国道沿い。チェーン店舗の順列・組み合わせが微妙に違うだけの、いつかどこかでも見たような均質化した街並み・・・。2018年映画化された山内マリコの小説が「ここは退屈」とバッサリ切り捨てた没個性的な郊外の風景は、しかし本当にそれだけのものだろうか? そんな固定観念を、『ロードサイド・ウォリアーと土曜の夜の獣たち』は二つの手段で覆そうとしている。

一つ目に、ファンタジーを物語ることによって。「王さま」と呼ばれる異能を持った登場人物たちは、あらゆる時空間上の屋上や国道、チェーン店を自由に移動することができる。そうして現実から解き放たれた都市空間は機能を大きく変え、「王さま」たちに特別な試練を与える。読み手にとって見飽きるほど馴染み深い生活圏の風景からダイナミックに逸脱してゆく超展開が痛快だ。

二つ目に、相反するようだが、ありのままの郊外で営まれる日常を、丁寧な筆致で描くことによって。もはや偏愛的と言っていい位、『ロードサイド・ウォリアー』には日常目にする大量の固有名詞と、それらを消費する登場人物の描写が溢れている。ヴィレヴァンで売っているような極彩色の昆虫グミやら電子タバコに淫する優等生、TACO BELLのハードシェルタコスを一口も零さず平らげて得意気なギャル、無印良品のビーズソファに埋もれてはしゃぐ少年少女・・・。あたかも「退屈」という刷毛の一振りで後塗りされ、忘却されてしまうことから逃れるように、ありふれた日常風景を事細かく記述する姿勢はまるで祈りのようである。何のための祈り? 

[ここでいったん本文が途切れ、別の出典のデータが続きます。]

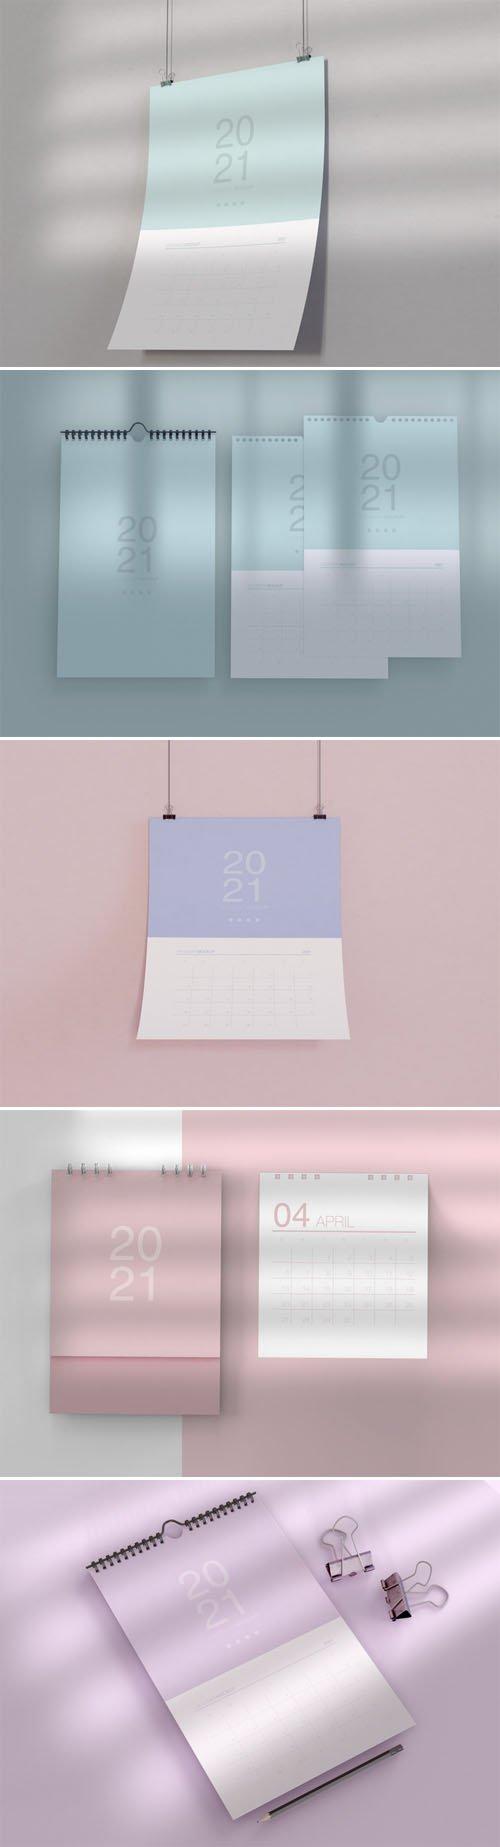 5 Spiral & Wall Calendars PSD Mockups Templates

キルシもヱイラもトォタリも、狂騒的なファンタジーの世界と恒常的な現実を行き来する中で、彼/彼女らは皆結局「いま・ここ」に躍動する自身の生を刻み付けたいと祈っているのではないだろうか。そうそれはきっと、自分も退屈な風景の一部だと思っている読み手の祈りと重なり合う。突破口のヒントはこの小説の中にあるかもしれない。